1. **Object detection**: Separate objects from background
2. **Image understanding**: Identify regions of interest
3. **Measurement**: Quantify object properties
4. **Recognition**: Classify segmented regions
5. **Medical imaging**: Delineate anatomical structures

### Segmentation Categories

**1. Thresholding**: Based on intensity values
**2. Region-based**: Grow or split regions
**3. Edge-based**: Use boundary information
**4. Clustering**: Group similar pixels
**5. Graph-based**: Model image as graph

In [None]:
# Load test images
import urllib.request
from urllib.request import Request, urlopen

# Simple image for thresholding - use a different reliable image
# Using a building/architecture image that works well for segmentation
url1 = 'https://upload.wikimedia.org/wikipedia/commons/thumb/e/ea/Van_Gogh_-_Starry_Night_-_Google_Art_Project.jpg/300px-Van_Gogh_-_Starry_Night_-_Google_Art_Project.jpg'
req1 = Request(url1, headers={'User-Agent': 'Mozilla/5.0'})
with urlopen(req1) as response:
    image_data1 = response.read()
with open('coins.jpg', 'wb') as f:
    f.write(image_data1)

img_coins = cv2.imread('coins.jpg')
img_coins_gray = cv2.cvtColor(img_coins, cv2.COLOR_BGR2GRAY)

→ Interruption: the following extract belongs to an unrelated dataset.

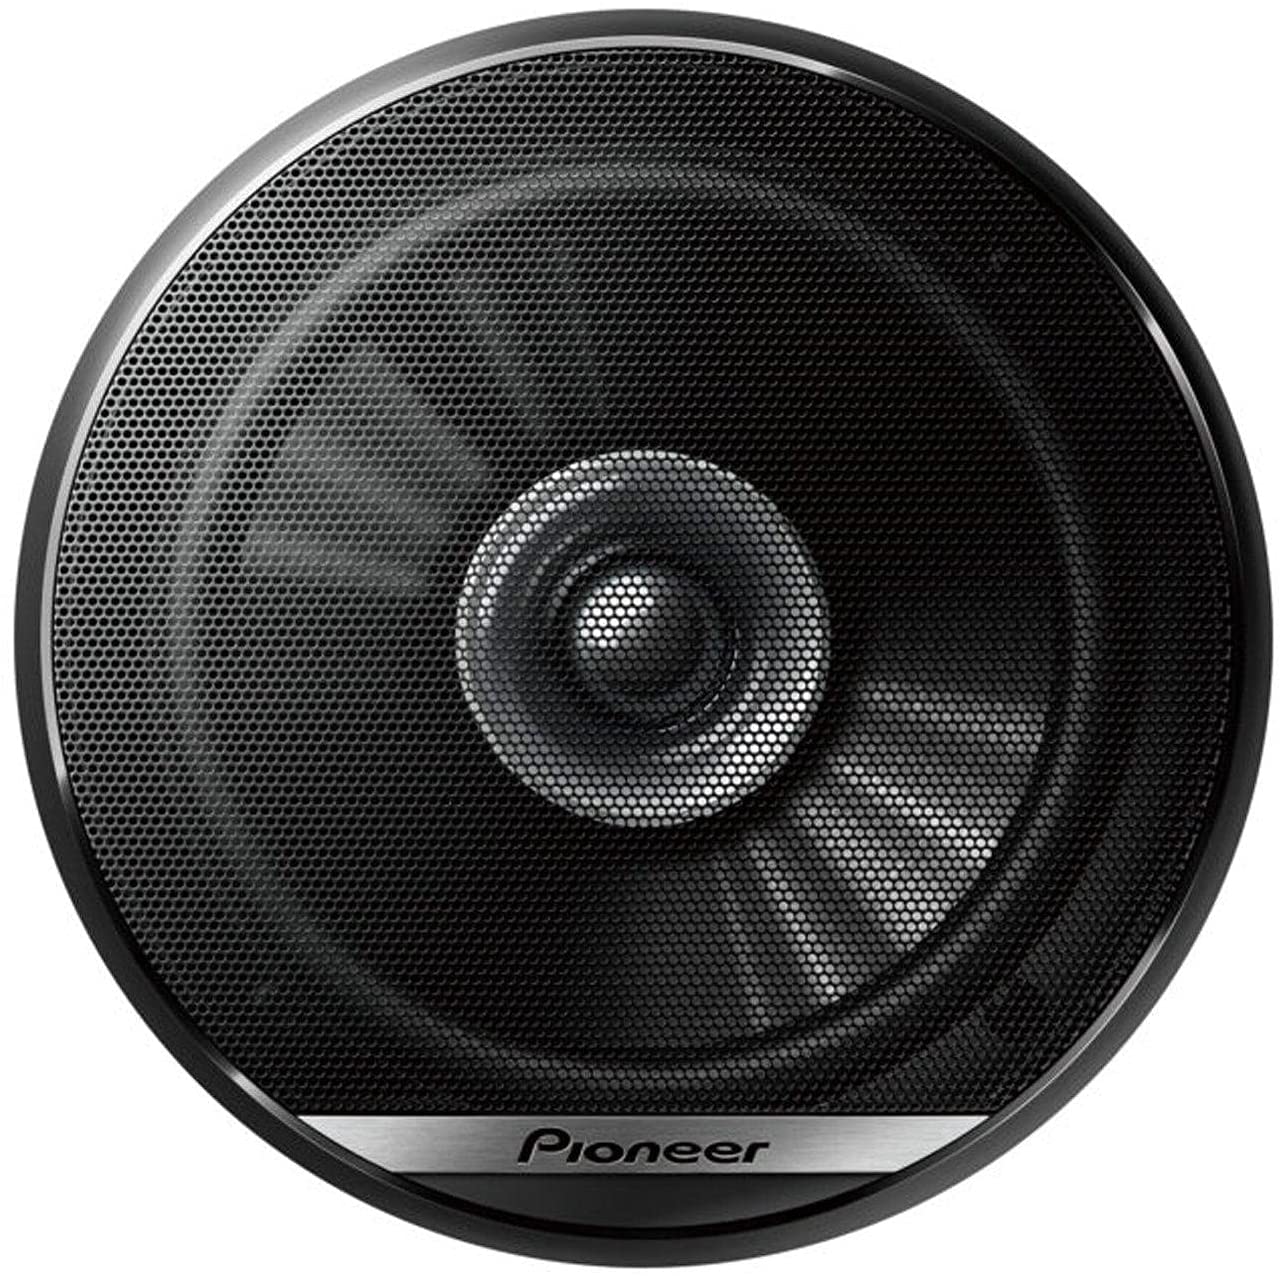 Pioneer TS-G1610F 280W Dual Cone Car Speaker

# Complex image for advanced methods
url2 = 'https://upload.wikimedia.org/wikipedia/commons/thumb/3/3a/Cat03.jpg/320px-Cat03.jpg'
req2 = Request(url2, headers={'User-Agent': 'Mozilla/5.0'})
with urlopen(req2) as response:
    image_data2 = response.read()
with open('cat.jpg', 'wb') as f:
    f.write(image_data2)

img_cat = cv2.imread('cat.jpg')

print(f"Coins image: {img_coins.shape}")
print(f"Cat image: {img_cat.shape}")

fig, axes = plt.subplots(1, 2, figsize=(12, 5))
axes[0].imshow(cv2.cvtColor(img_coins, cv2.COLOR_BGR2RGB))
axes[0].set_title('Test Image 1')
axes[0].axis('off')

axes[1].imshow(cv2.cvtColor(img_cat, cv2.COLOR_BGR2RGB))
axes[1].set_title('Test Image 2 (Cat)')
axes[1].axis('off')

plt.tight_layout()
plt.show()


### 1. Thresholding

**Thresholding** creates binary images by comparing pixels to threshold(s).

#### Simple Thresholding

$$
g(x, y) = \begin{cases}
255 & \text{if } f(x, y) > T \\
0 & \text{otherwise}
\end{cases}
$$

**Problem**: Choosing optimal threshold $T$?

#### Otsu's Method

**Idea**: Find threshold that minimizes **intra-class variance** (or maximizes inter-class variance).

**Algorithm**:
1. Calculate histogram
2. For each possible threshold $t$:
   - Compute weights: $w_0(t), w_1(t)$
   - Compute means: $\mu_0(t), \mu_1(t)$
   - Compute inter-class variance:
     $$
     \sigma_b^2(t) = w_0(t) w_1(t) [\mu_1(t) - \mu_0(t)]^2
     $$
3. Select $t^* = \arg\max_t \sigma_b^2(t)$

**Properties**:
- Automatic (no manual threshold)
- Assumes bimodal histogram
- Optimal for separating two classes

#### Adaptive Thresholding

**Problem**: Global threshold fails with varying illumination.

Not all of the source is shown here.